Error $|c_0-\sqrt{t_{1,q}}{\left|{\mathbf{T}}_{\mathrm{alg}},(\mathrm{\Delta }s,t_{1,q}),-,{\mathbf{T}}_{\mathrm{alg}},(-\mathrm{\Delta }s,t_{1,q})\right|}_0/(2\mathrm{\Delta }s)|$, where $c_0=0.1680\dots$, $l=0.6$, $\mathrm{\Delta }s=2l/q$

q	Error	q	Error	q	Error
502	$4.4527·{10}^{-5}$	4002	$5.5847·{10}^{-6}$	32002	$6.9837·{10}^{-7}$
1002	$2.2306·{10}^{-5}$	8002	$2.7930·{10}^{-6}$	64002	$3.4920·{10}^{-7}$
2002	$1.1164·{10}^{-5}$	16002	$1.3967·{10}^{-6}$	128002	$1.7461·{10}^{-7}$

Next, we compare the time evolution of a point in both problems and compute $\mathbf{X}(0,t)$ and ${\mathbf{X}}_{\mathit{rot}}(0,t)$, for $t\in [0,t_{1,20}]$. More precisely, using (16),

$$\begin{array}{c}\hfill \begin{array}{cc}\hfill {\mathbf{X}}_{\mathit{rot}}(0,t)& \equiv \mathbf{K}·{(X_{c_0,1}(0,0),X_{c_0,2}(0,0),X_{c_0,3}(0,0))}^T+\frac{l/2}{sinh(l/2)}\mathbf{X}(0,0)\hfill \\ \hfill & =2c_0\sqrt{\frac{t}{A_2^2+A_3^2}}{(0,A_3,A_2)}^T+\frac{l/2}{sinh(l/2)}\mathbf{X}(0,0).\hfill \end{array}\end{array}$$ 51

Both $\mathbf{X}(0,t)$ and ${\mathbf{X}}_{\mathit{rot}}(0,t)$ lie in the YZ-plane, and after plotting simultaneously their projection onto $\mathbb{C}$, we note that, for small times, $\mathbf{X}(0,t)$ (in blue) can be very well approximated by a straight line (in red) with slope $A_2/A_3$ (Fig. 12a).

Fig. 12.

A The time evolution for short times can be well approximated with a straight line with slope $A_2/A_3$. Here, we have taken $M=8$, $l=0.6$, $t\in [0,t_{1,20}]$. B A log–log plot of $A_2/A_3$ as a function of $c_0$. Clearly, $A_2/A_3$ tends to 1, as $c_0$ tends to 0

In our numerical simulations, we have taken $M=8$, $l=0.6$, but the results hold true for any $M\ge 2$, where M has been chosen to be even, in order to take advantage of the symmetries of the hyperbolic polygon.

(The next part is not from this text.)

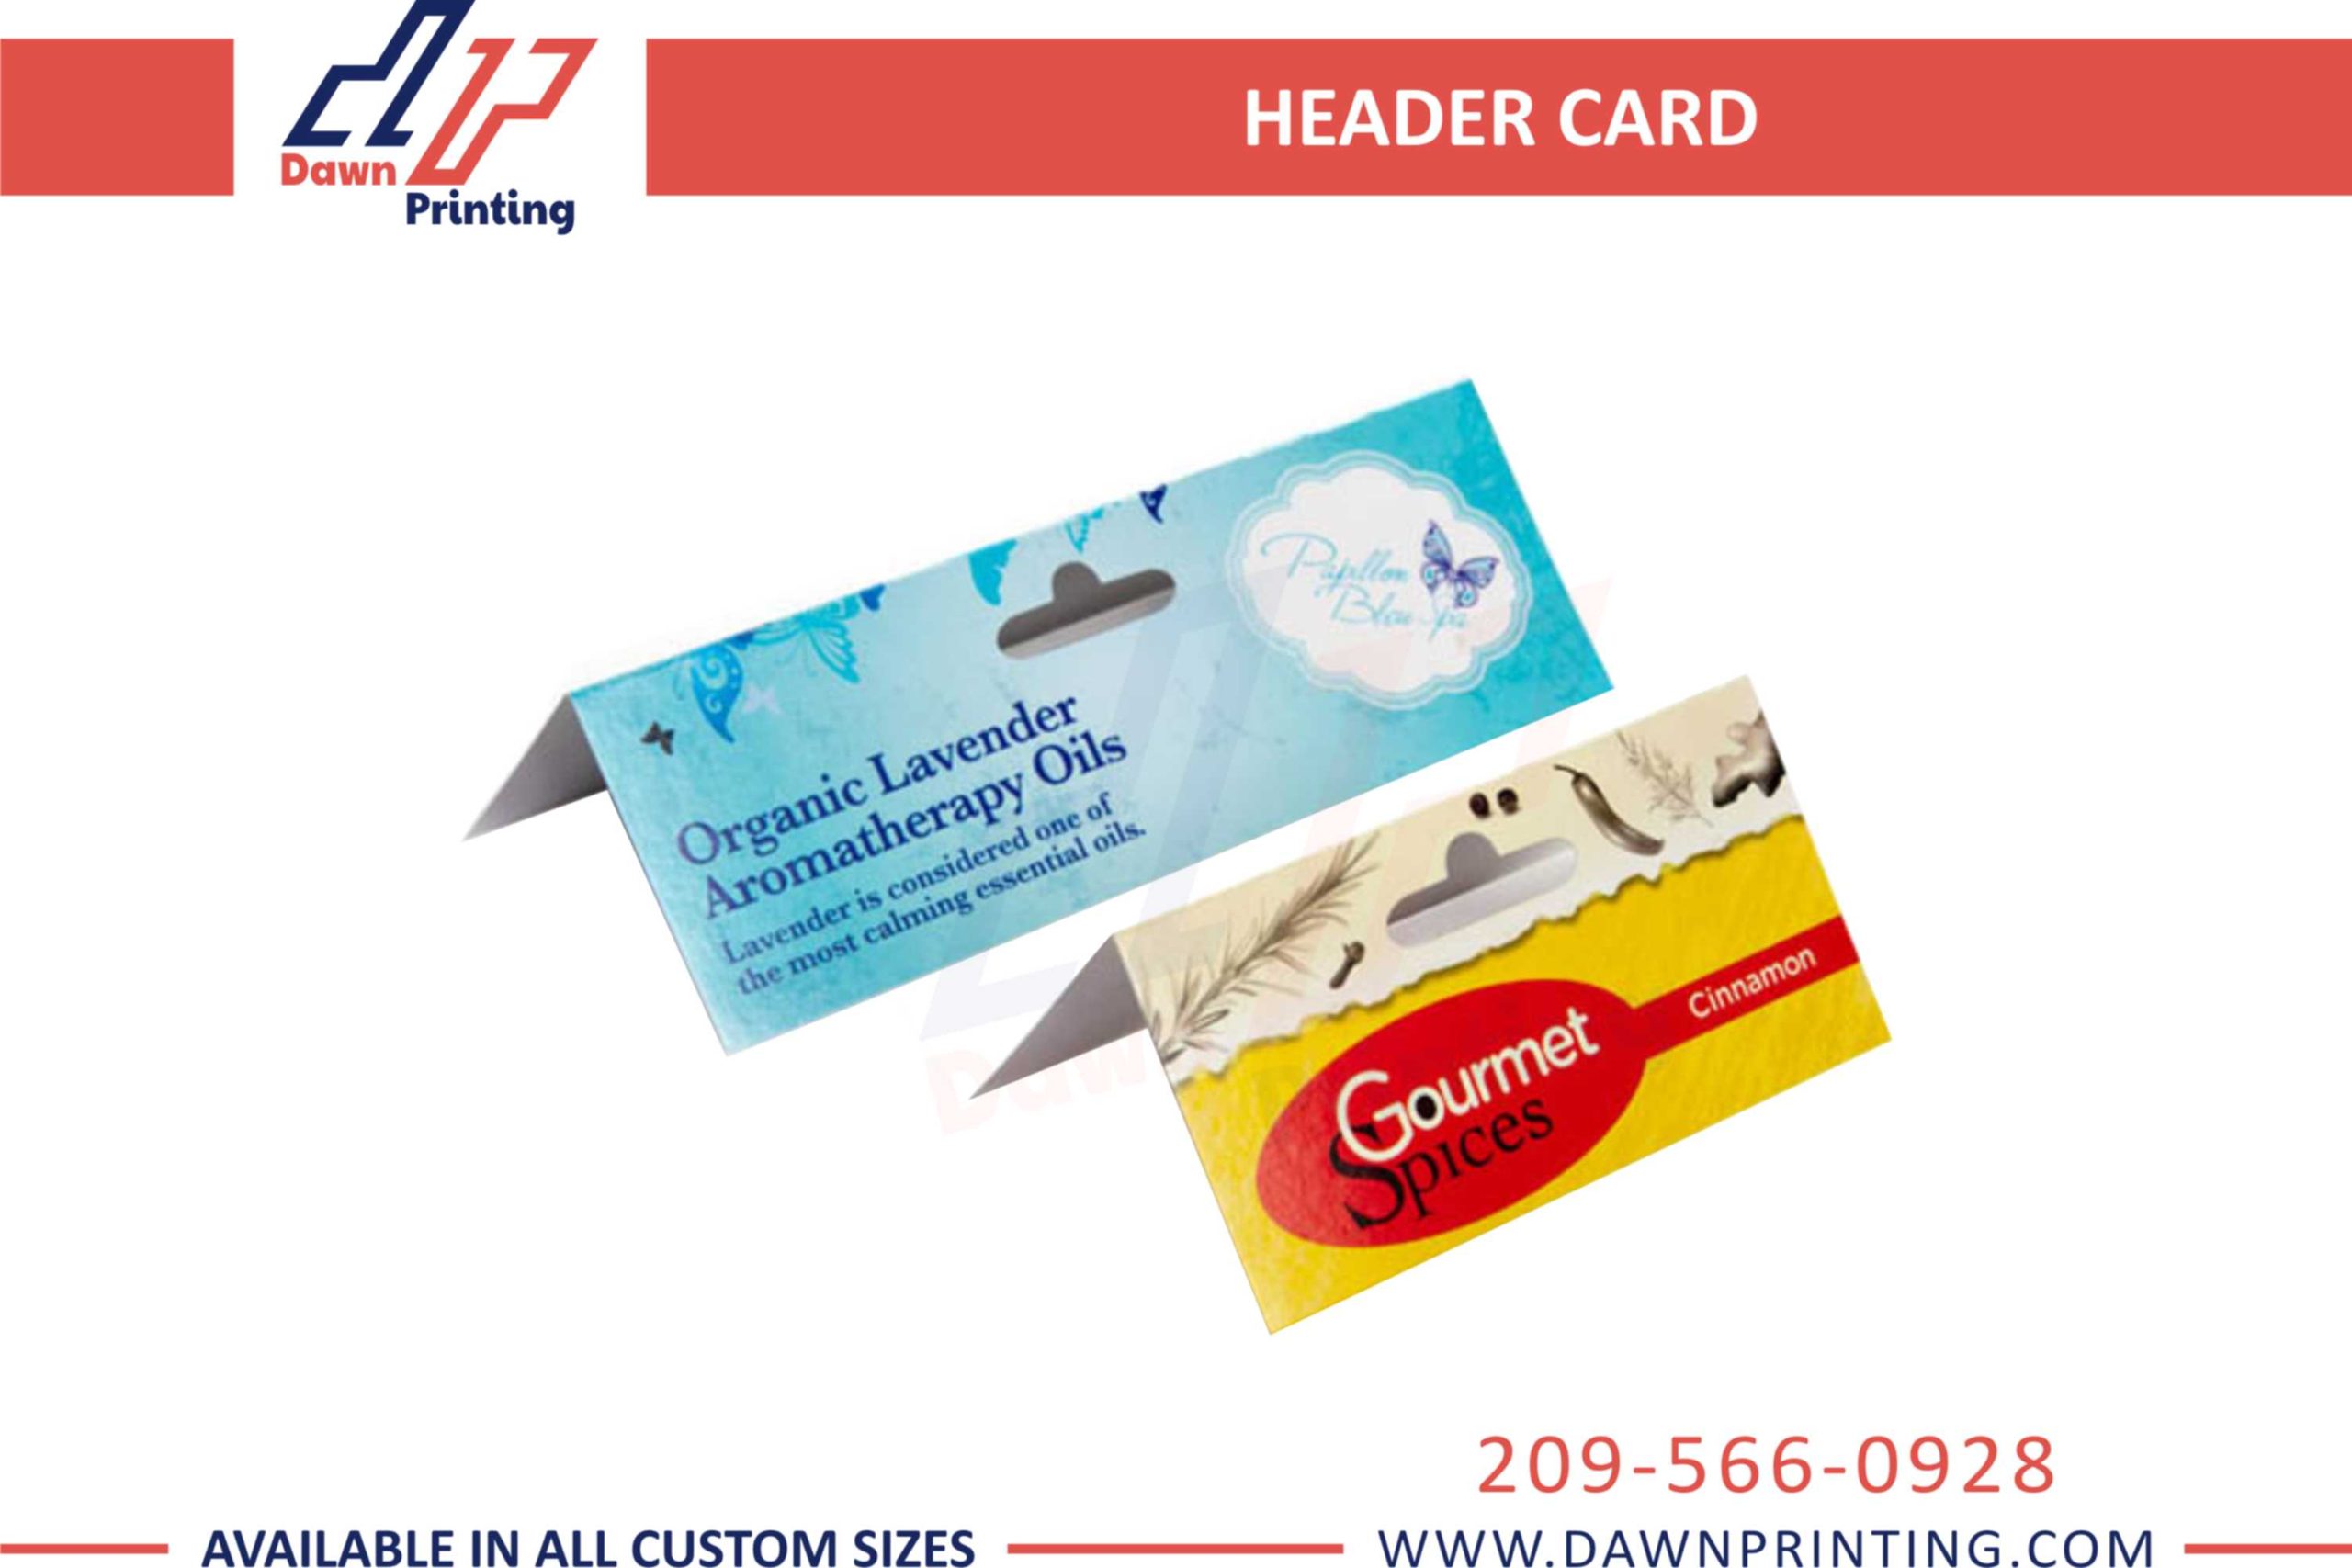 Custom Made Header Cards - Dawn Printing

Thus, there is strong numerical evidence that, at small times, the l-polygon problem can be seen a superposition of several one-corner problems.

Further Remarks

Note that the quantity $A_2/A_3$ also determines the angle $\phi$ that the curve ${\mathbf{X}}_{\mathit{rot}}(0,t)$ makes with the plane containing ${\mathbf{X}}_{\mathit{rot}}(s,0)$. Interestingly, $\phi$ is the angle corresponding to the corner of $z_l(t)$ located at $t=0$, and this holds true for the Euclidean case as well. To compare the two cases simultaneously, we have computed $A_2/A_3$ for several different values of $c_0$, using (74)–(75) in the hyperbolic case, and (Gutiérrez et al. 2003, (57)) in the Euclidean case. The values thus obtained are plotted in Fig. 12b, where it can be observed that $A_2/A_3$ is greater (respectively, smaller) than the one in the hyperbolic (respectively, Euclidean) case, and tends to one, as $c_0$ approaches zero; in fact, from (74)–(75), $A_2(0)/A_3(0)=1$. On the other hand, in the hyperbolic case, we have

$$\begin{array}{c}\hfill \begin{array}{c}\hfill \phi =arctan\left(\frac{A_2}{A_3}\right)=arctan\left(\frac{\mathfrak{R}\{\mathrm{{\rm Y}}\}}{\mathfrak{I}\{\mathrm{{\rm Y}}\}}\right)=arg(i\overline{\mathrm{{\rm Y}}}),\end{array}\end{array}$$ 52

with $\mathrm{{\rm Y}}=e^{i\pi /4}\mathrm{\Gamma }(1-i{c}_0^2/4)\mathrm{\Gamma }(1/2+i{c}_0^2/4)$. Thus, for a given $c_0$, $\phi$ is larger (respectively, smaller) than $\pi /2$ and, in the limit, it converges to $\pi /2$, as in the case of Riemann’s function.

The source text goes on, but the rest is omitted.